[Stored items]
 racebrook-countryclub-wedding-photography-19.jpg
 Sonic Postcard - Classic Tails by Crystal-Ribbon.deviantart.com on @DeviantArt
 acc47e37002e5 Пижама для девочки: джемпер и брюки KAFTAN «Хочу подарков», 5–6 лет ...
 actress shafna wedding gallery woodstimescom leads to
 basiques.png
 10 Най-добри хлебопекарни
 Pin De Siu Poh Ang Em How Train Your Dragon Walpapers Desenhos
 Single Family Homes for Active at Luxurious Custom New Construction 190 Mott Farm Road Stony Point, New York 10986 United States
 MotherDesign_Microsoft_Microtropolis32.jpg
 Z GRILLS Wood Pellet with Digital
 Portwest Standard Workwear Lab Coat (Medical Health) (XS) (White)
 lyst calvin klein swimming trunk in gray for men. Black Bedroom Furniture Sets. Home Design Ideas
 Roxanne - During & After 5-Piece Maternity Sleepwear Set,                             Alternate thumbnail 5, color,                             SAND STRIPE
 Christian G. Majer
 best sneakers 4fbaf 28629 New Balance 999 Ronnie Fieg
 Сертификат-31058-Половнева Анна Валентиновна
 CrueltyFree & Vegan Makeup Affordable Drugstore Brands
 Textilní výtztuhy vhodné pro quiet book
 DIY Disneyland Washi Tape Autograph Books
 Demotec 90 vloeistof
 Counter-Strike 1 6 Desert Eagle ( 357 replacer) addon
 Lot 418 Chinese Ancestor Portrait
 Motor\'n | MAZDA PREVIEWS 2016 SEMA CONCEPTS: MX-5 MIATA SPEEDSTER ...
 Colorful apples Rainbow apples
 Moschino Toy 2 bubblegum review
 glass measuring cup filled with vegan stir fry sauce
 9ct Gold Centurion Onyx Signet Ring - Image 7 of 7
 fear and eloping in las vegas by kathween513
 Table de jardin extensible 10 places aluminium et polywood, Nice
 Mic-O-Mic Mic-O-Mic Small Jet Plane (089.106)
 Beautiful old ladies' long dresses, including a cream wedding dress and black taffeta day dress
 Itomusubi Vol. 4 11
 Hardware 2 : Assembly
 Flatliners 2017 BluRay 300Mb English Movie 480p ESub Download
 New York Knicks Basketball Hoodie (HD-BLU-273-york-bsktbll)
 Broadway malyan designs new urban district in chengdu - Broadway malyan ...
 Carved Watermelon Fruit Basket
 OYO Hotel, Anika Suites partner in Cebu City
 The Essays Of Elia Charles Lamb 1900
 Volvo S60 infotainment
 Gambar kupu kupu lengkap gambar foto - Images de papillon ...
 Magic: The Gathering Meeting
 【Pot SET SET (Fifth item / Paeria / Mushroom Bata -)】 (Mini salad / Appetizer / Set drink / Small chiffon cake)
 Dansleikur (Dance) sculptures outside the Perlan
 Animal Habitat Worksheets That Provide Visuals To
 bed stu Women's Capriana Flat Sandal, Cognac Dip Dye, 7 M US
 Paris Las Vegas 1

- [WHAT YOU NEED TO DO]:
Using the records above, copy every line that has the word "York" in it.

- [EXERCISE ANSWER]:
 Single Family Homes for Active at Luxurious Custom New Construction 190 Mott Farm Road Stony Point, New York 10986 United States
 New York Knicks Basketball Hoodie (HD-BLU-273-york-bsktbll)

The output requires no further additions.